- About this task:
Could the listing be repeated exactly, with every picture dropped?

- Material provided:
════════

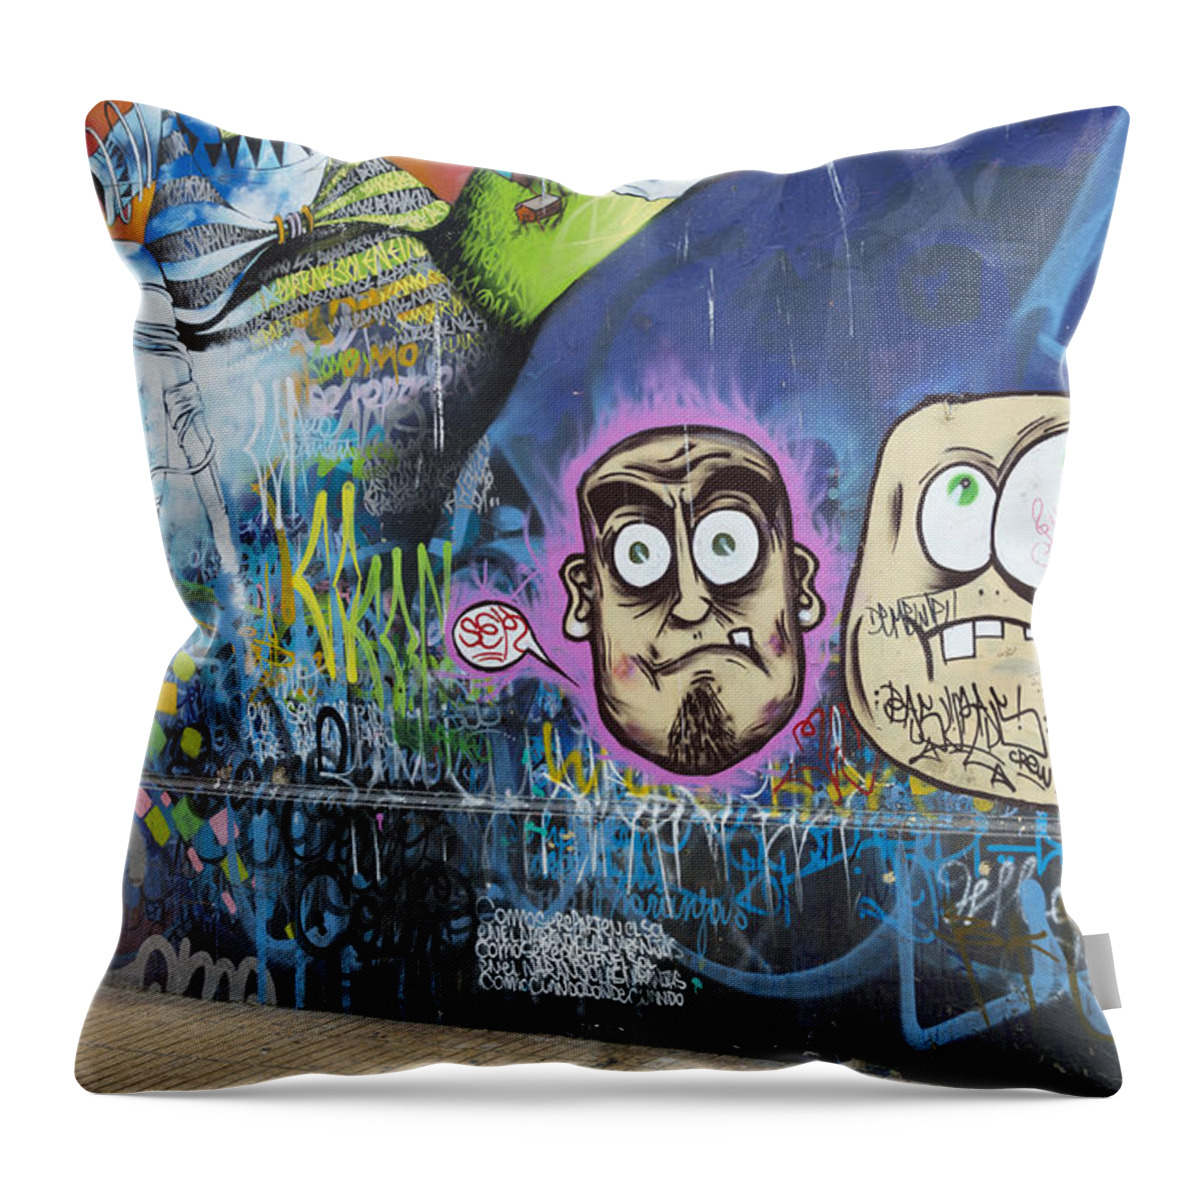 Chile Throw Pillow featuring the painting Graffiti Wall Art In Valparaiso, Chile by John Shaw
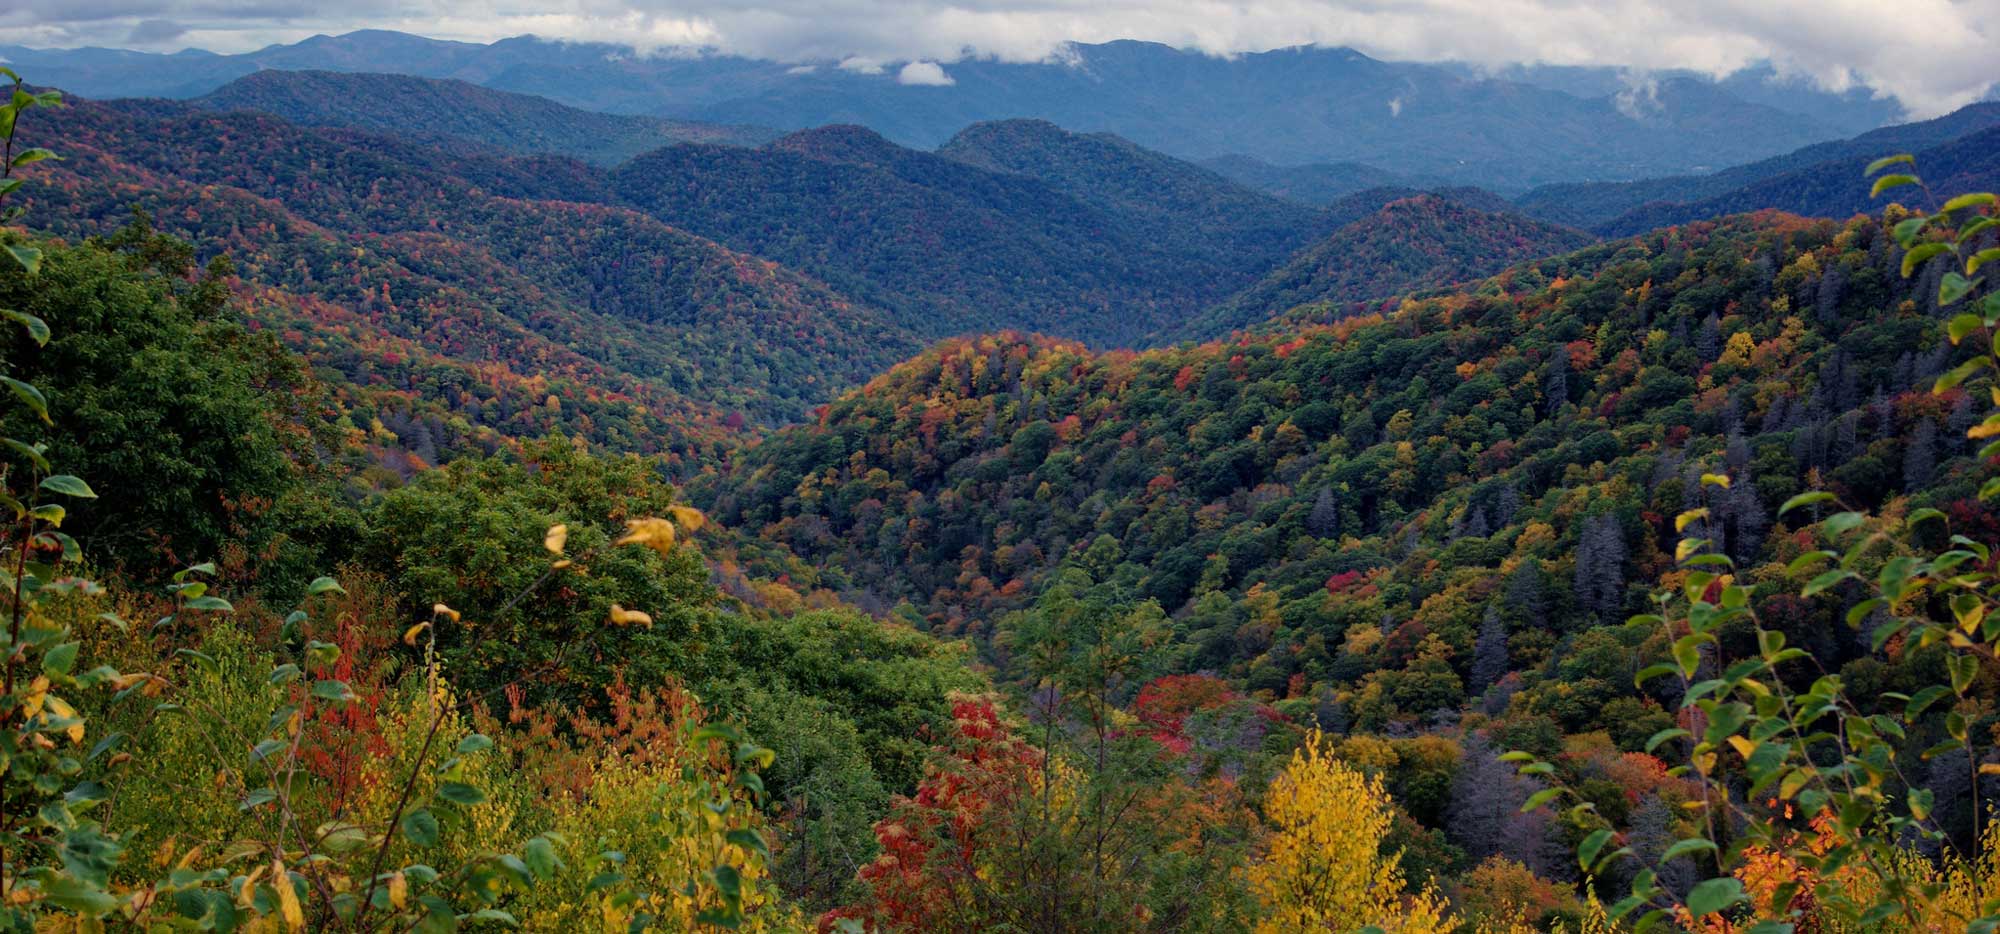 Photograph of ridges and v-shaped valleys in Great Smoky Mountains National Park.
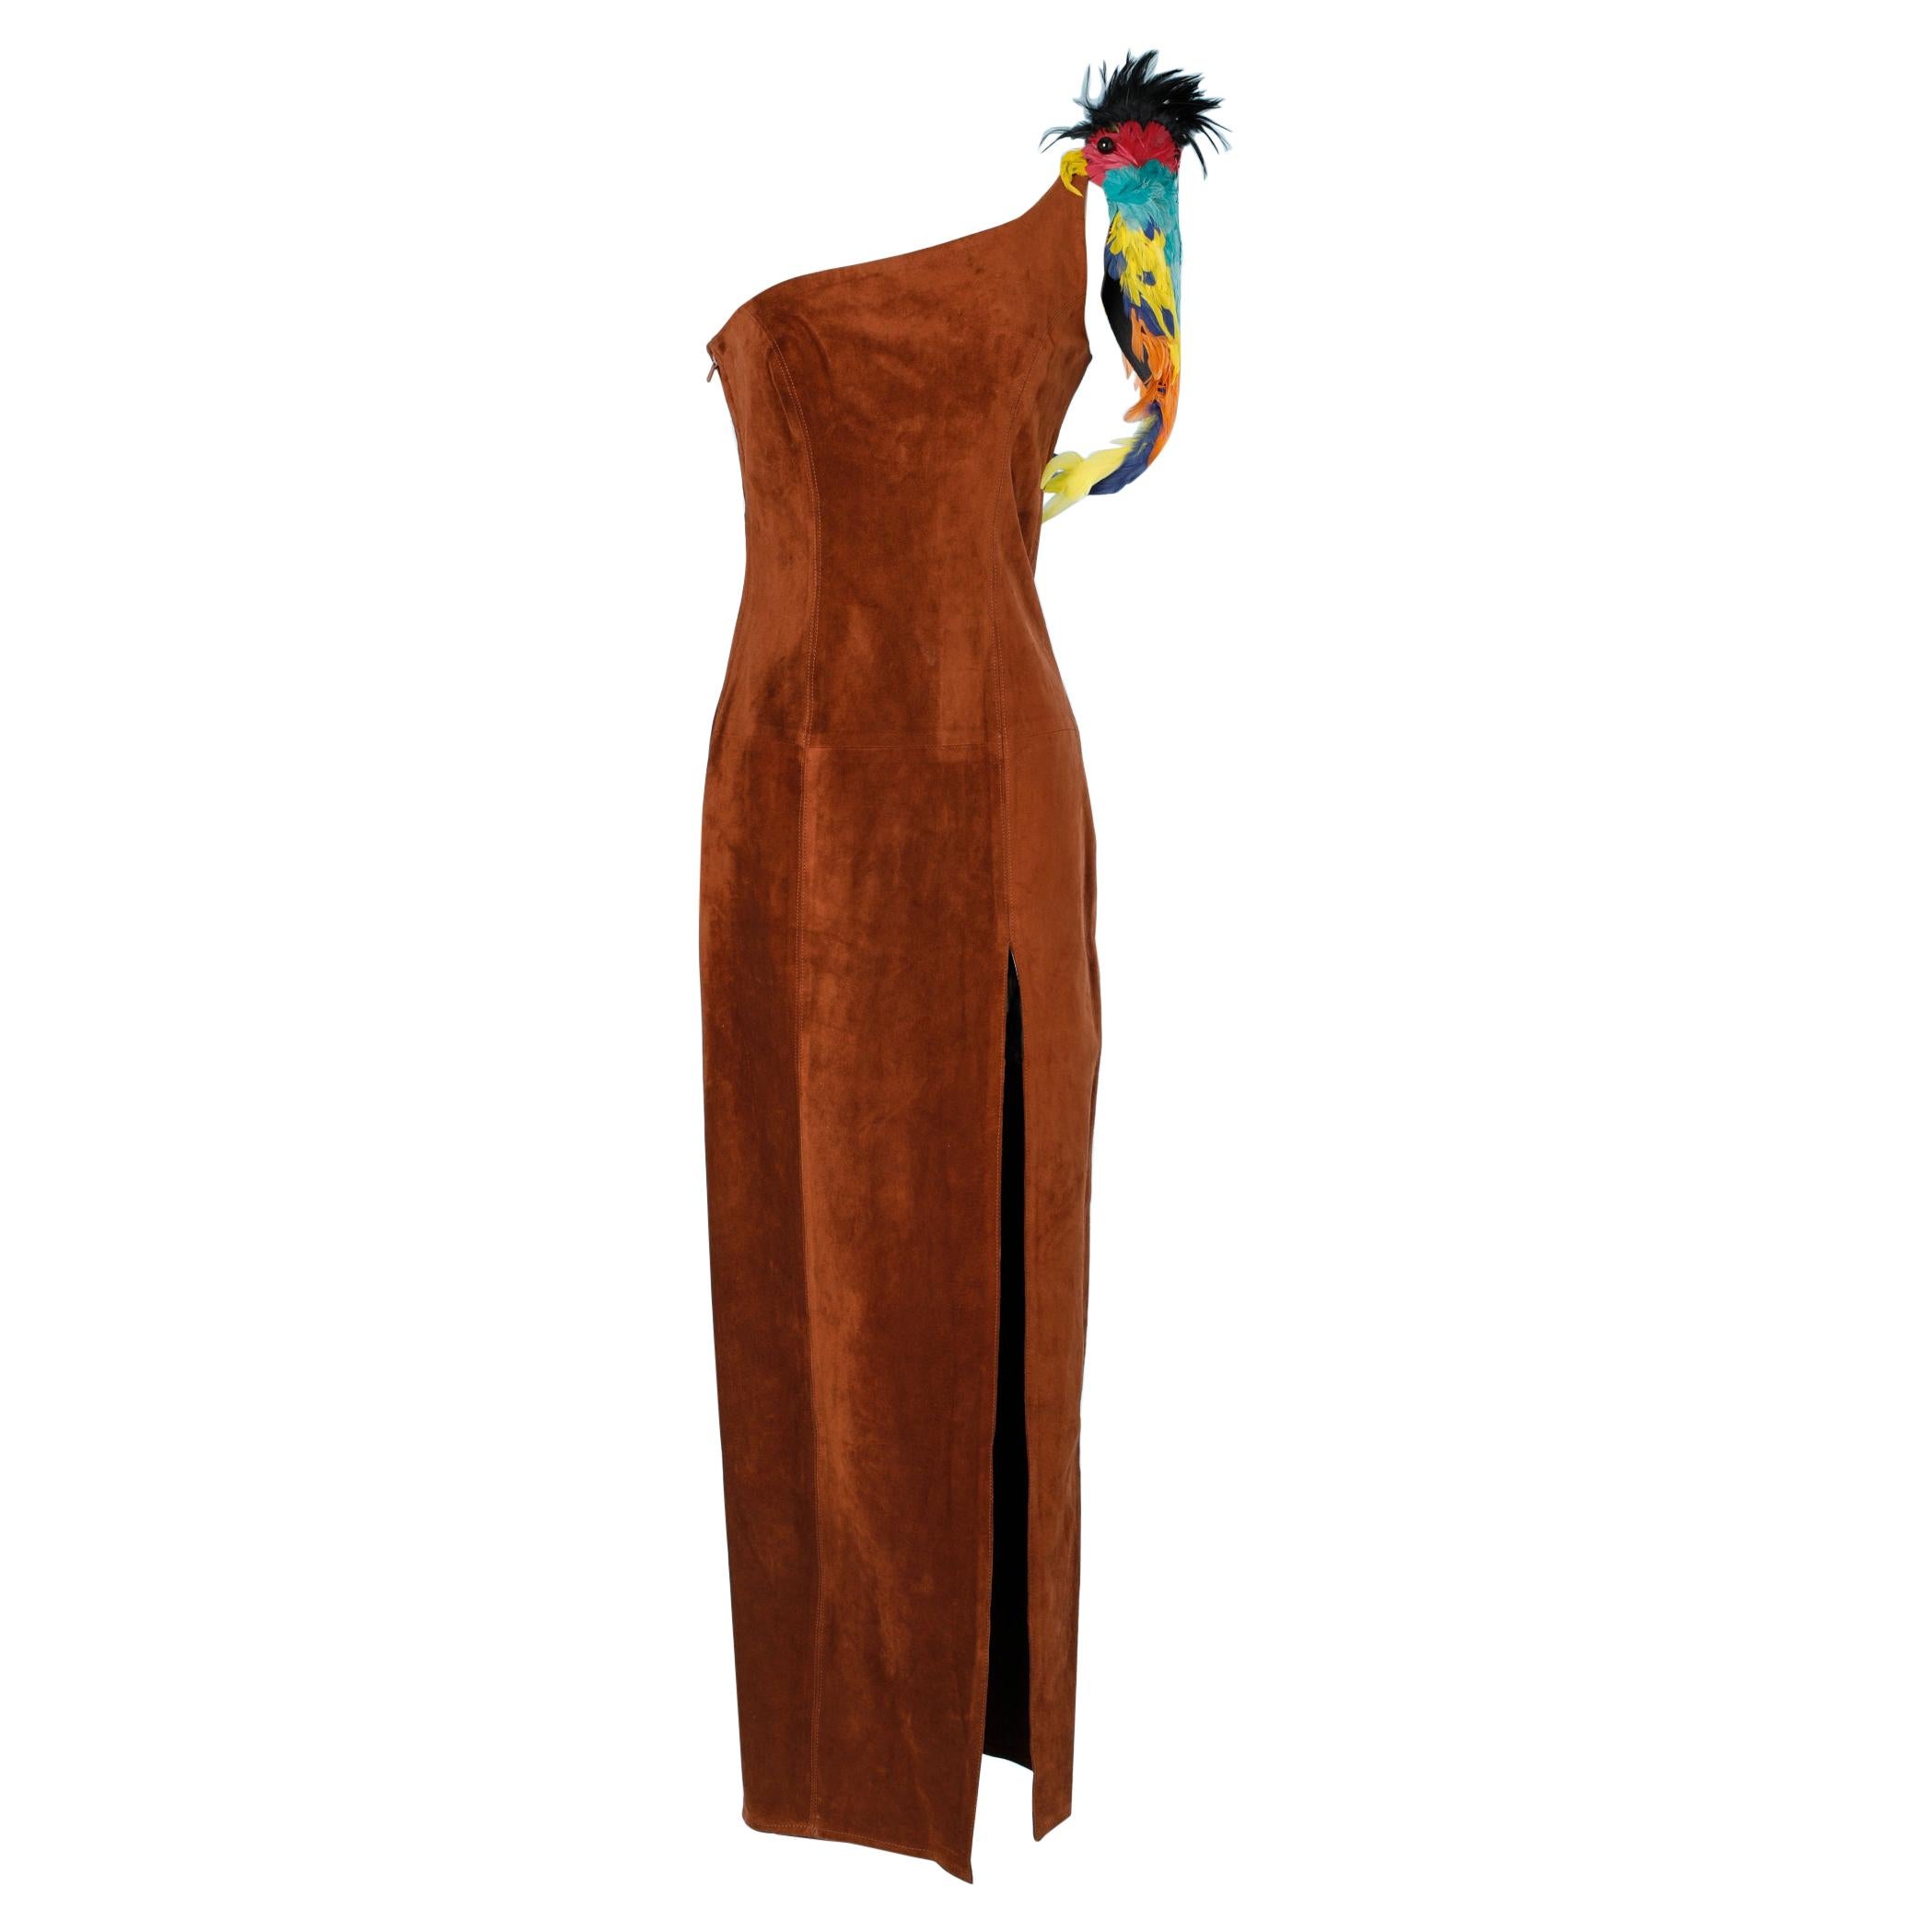 Parrots brown suede asymetrical dress S.S 1992 Chantal Thomass

════════

- Result:
 Chile Throw Pillow featuring the painting Graffiti Wall Art In Valparaiso, Chile by John Shaw
 Photograph of ridges and v-shaped valleys in Great Smoky Mountains National Park.
 Parrots brown suede asymetrical dress S.S 1992 Chantal Thomass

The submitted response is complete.